Reproduce everything from the line that contains "Tribest Humio HU" down to the line that contains "Illustration of the" in the listing below, word for word and nothing more. Leave the pictures out.
++++ Raw data
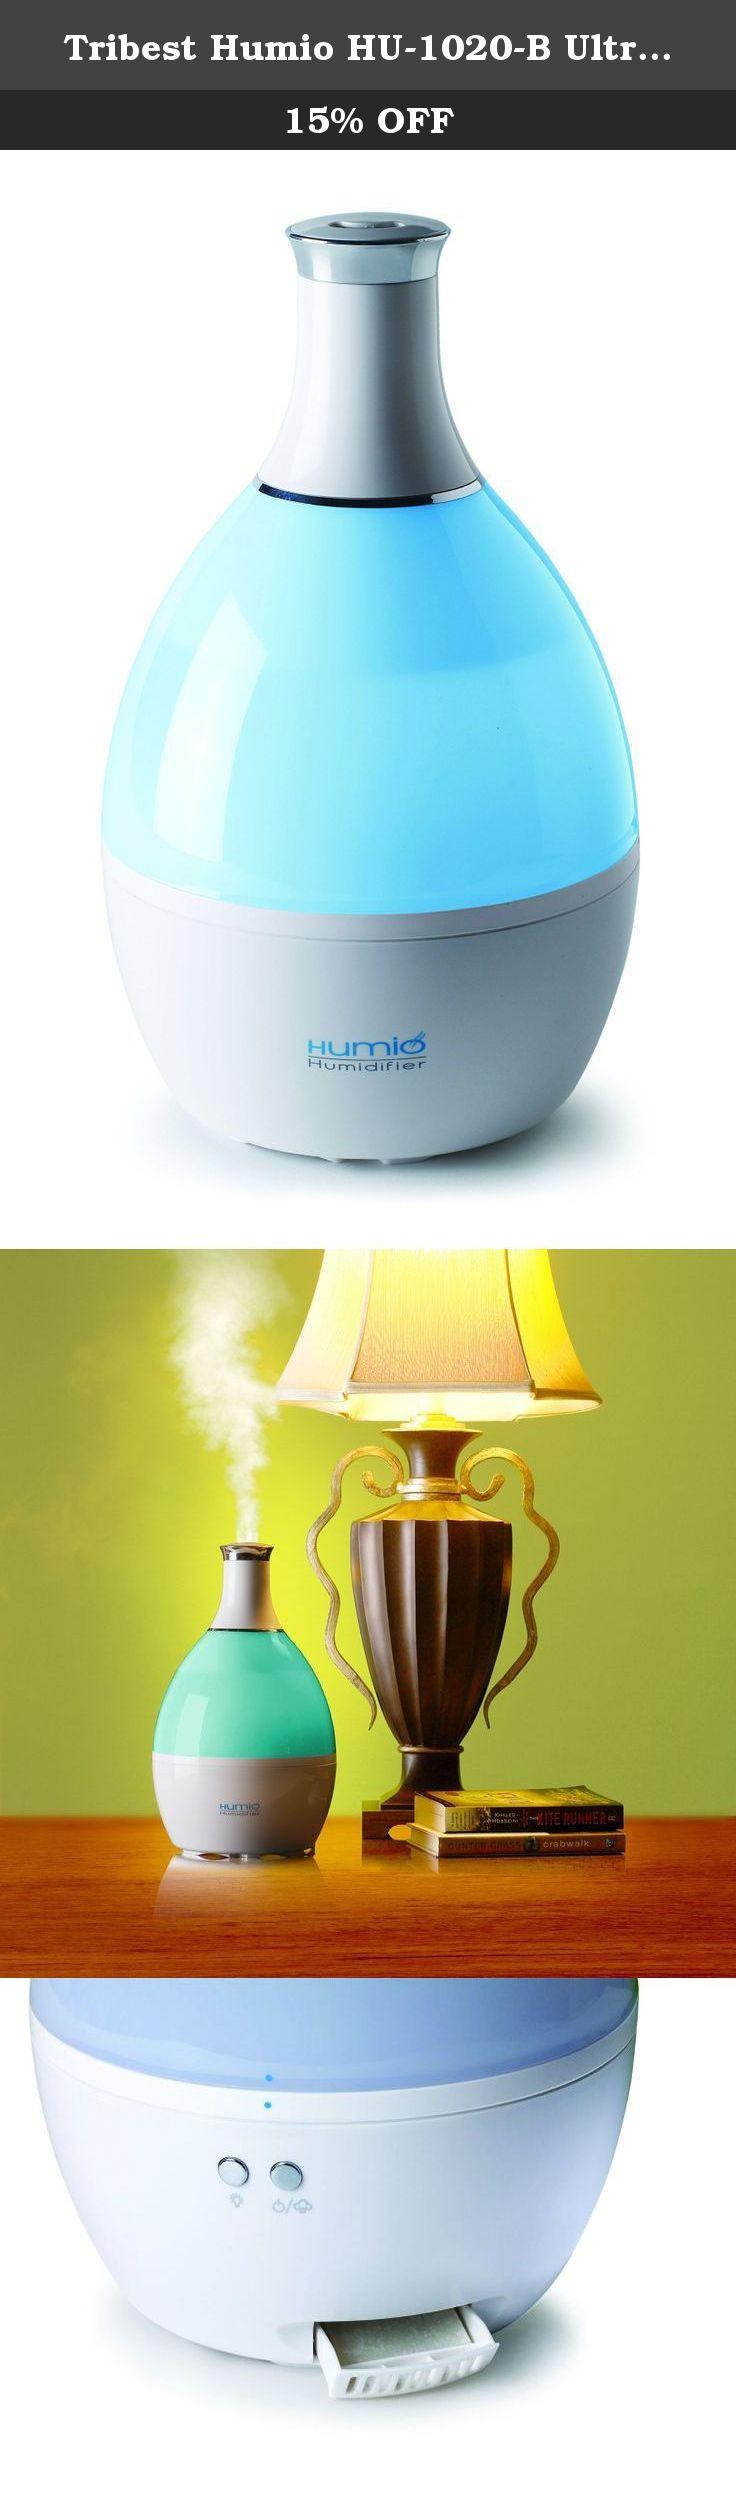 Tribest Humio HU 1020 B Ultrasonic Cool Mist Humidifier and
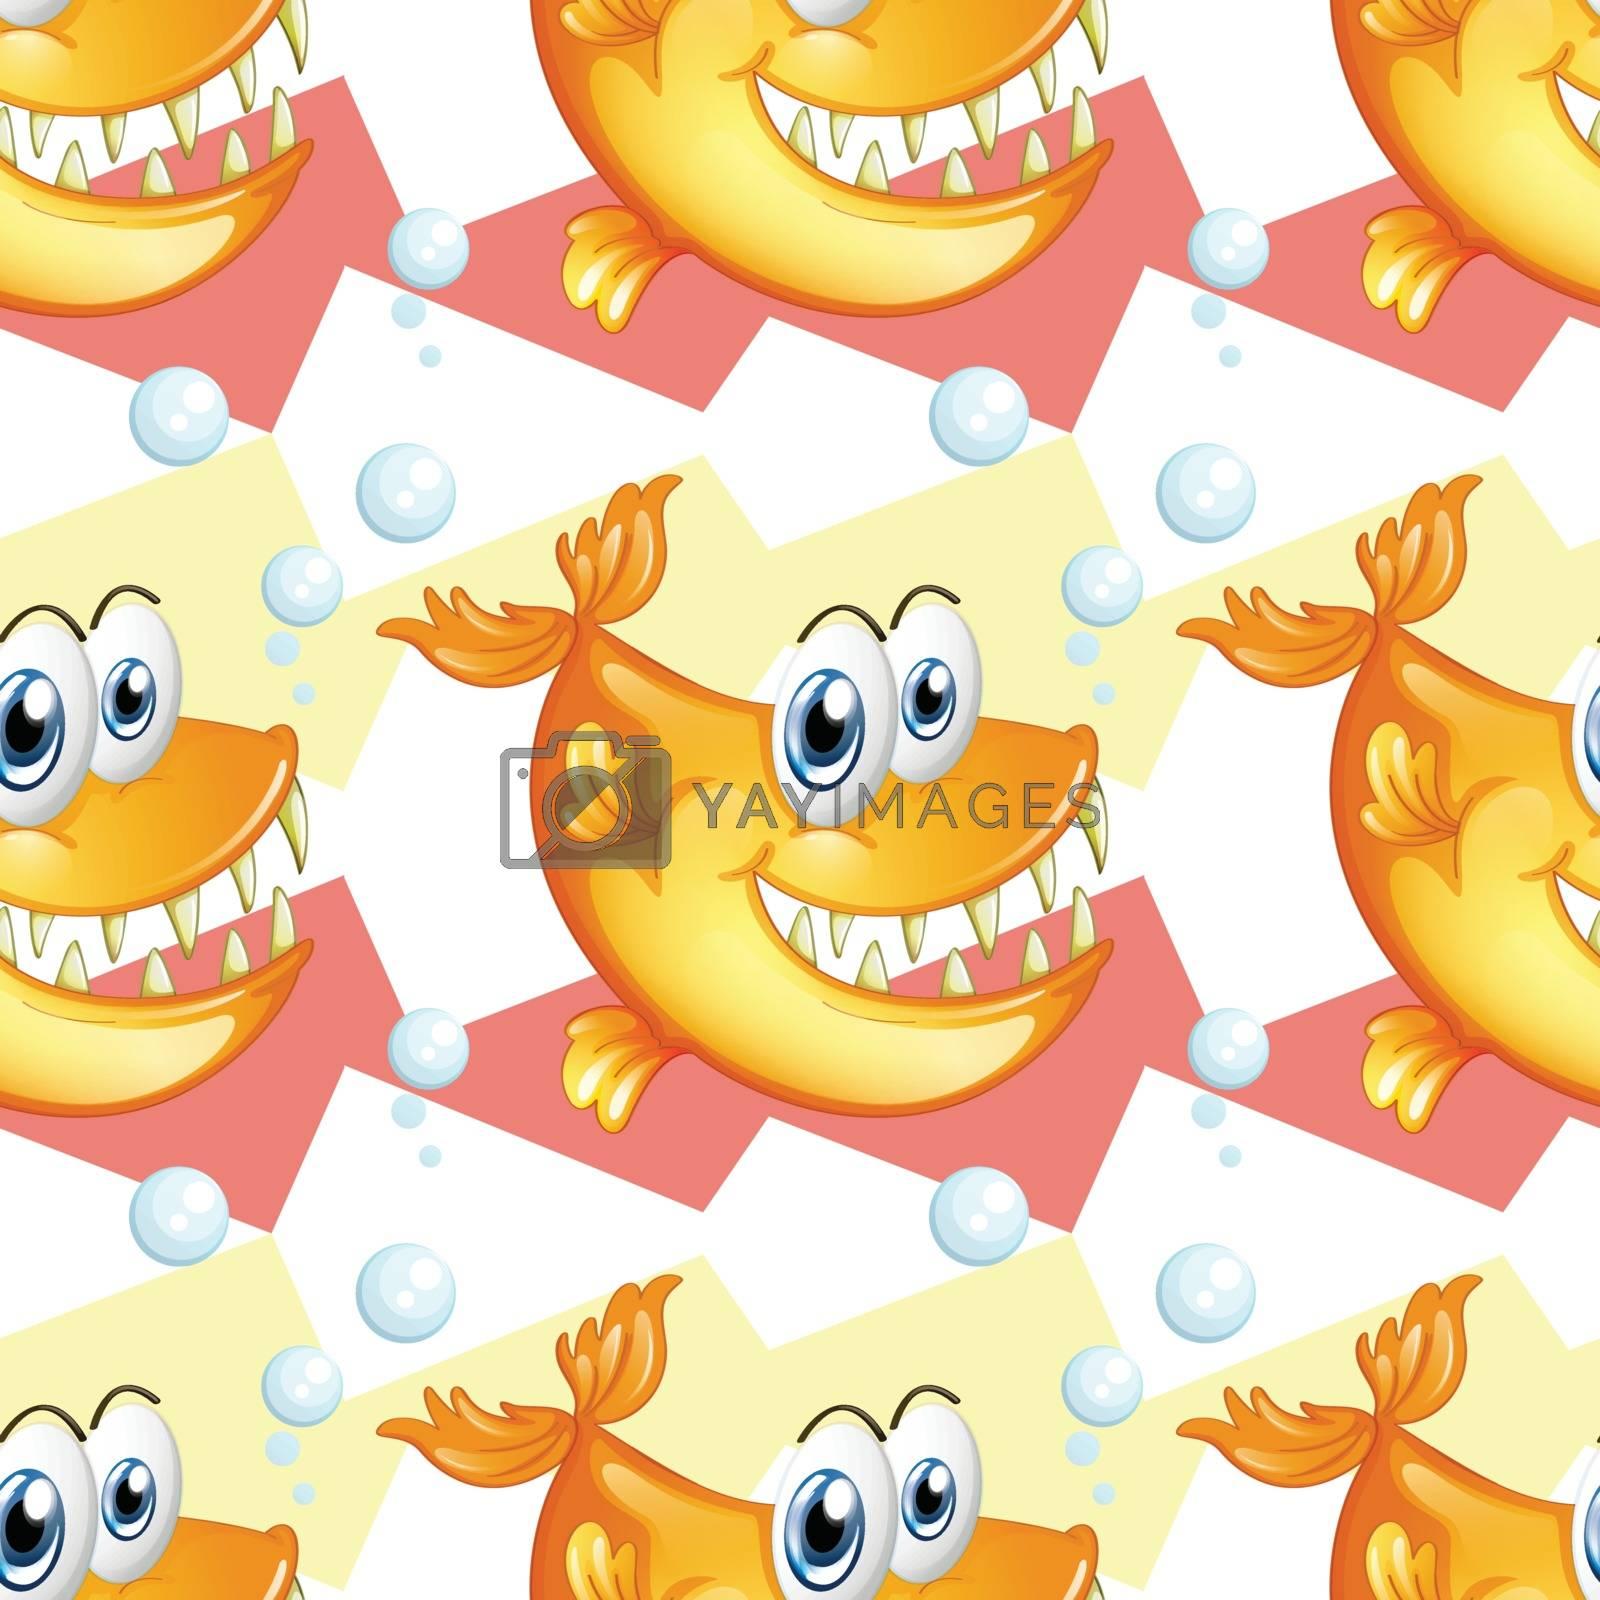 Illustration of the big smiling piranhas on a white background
++++++++
++++ Raw data
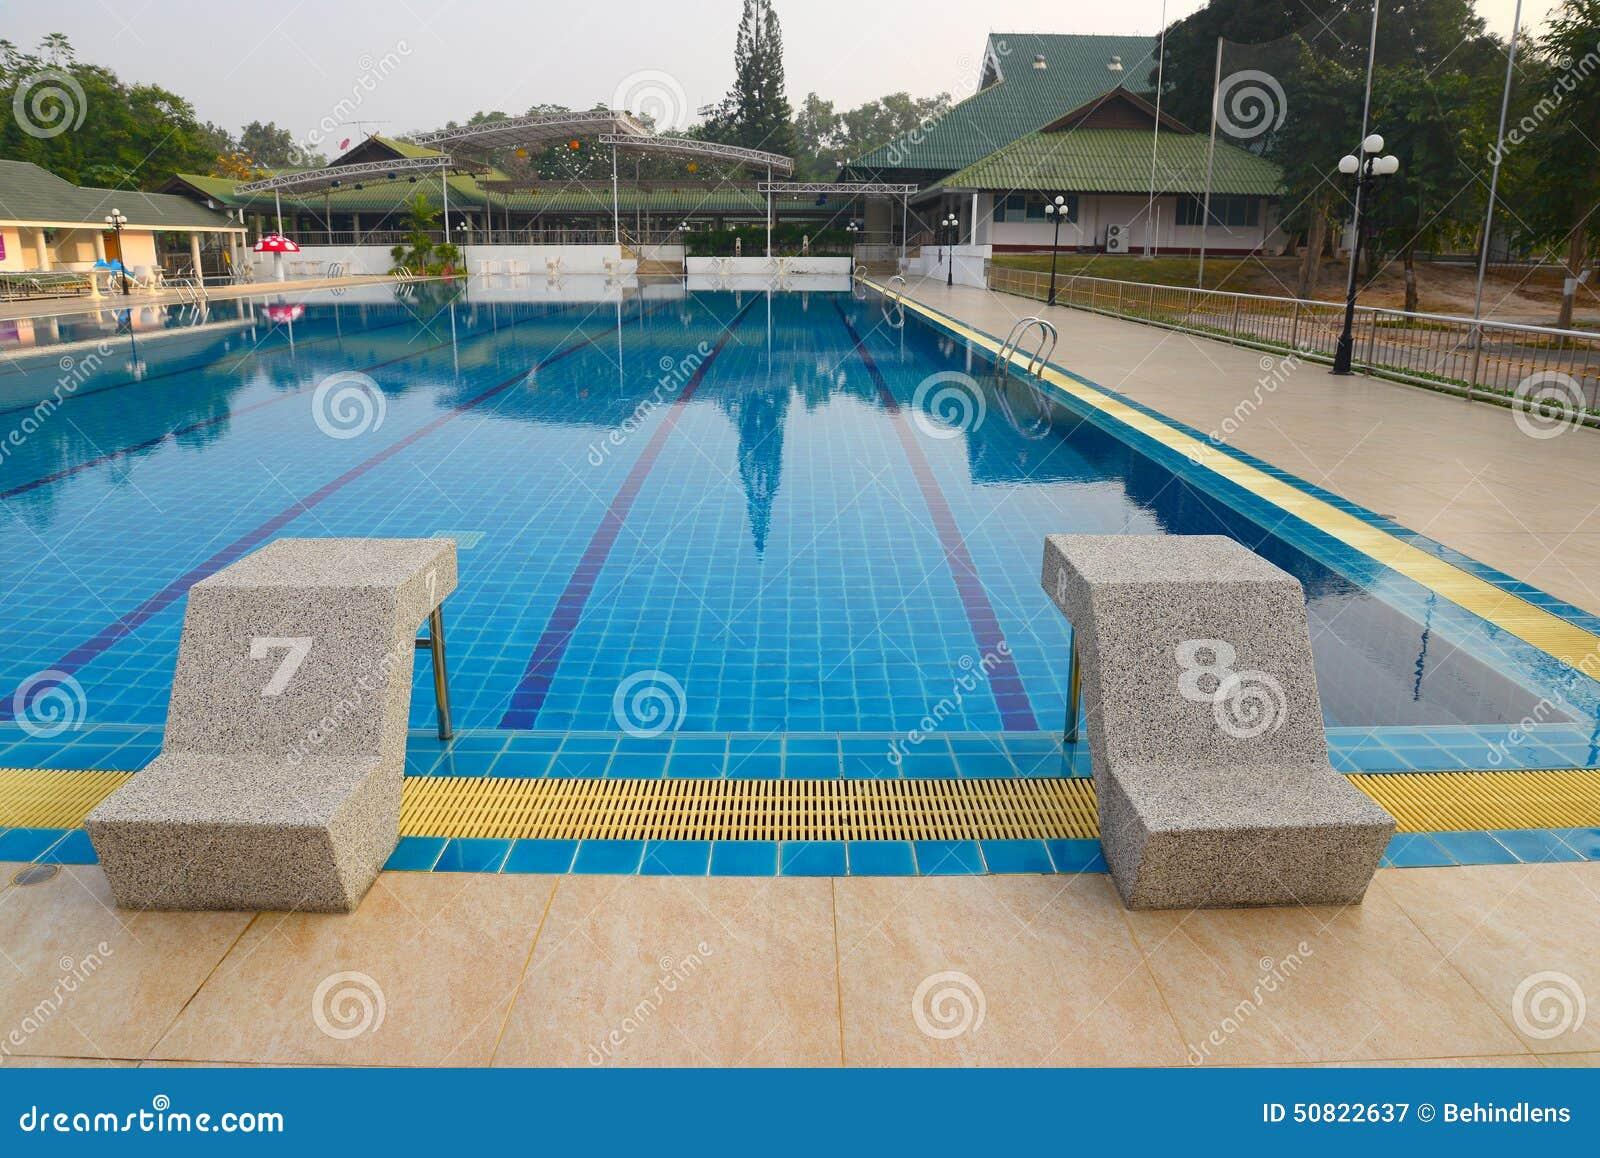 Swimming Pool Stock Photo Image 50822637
++++++++
_Result of the task_.
 Tribest Humio HU 1020 B Ultrasonic Cool Mist Humidifier and
 Illustration of the big smiling piranhas on a white background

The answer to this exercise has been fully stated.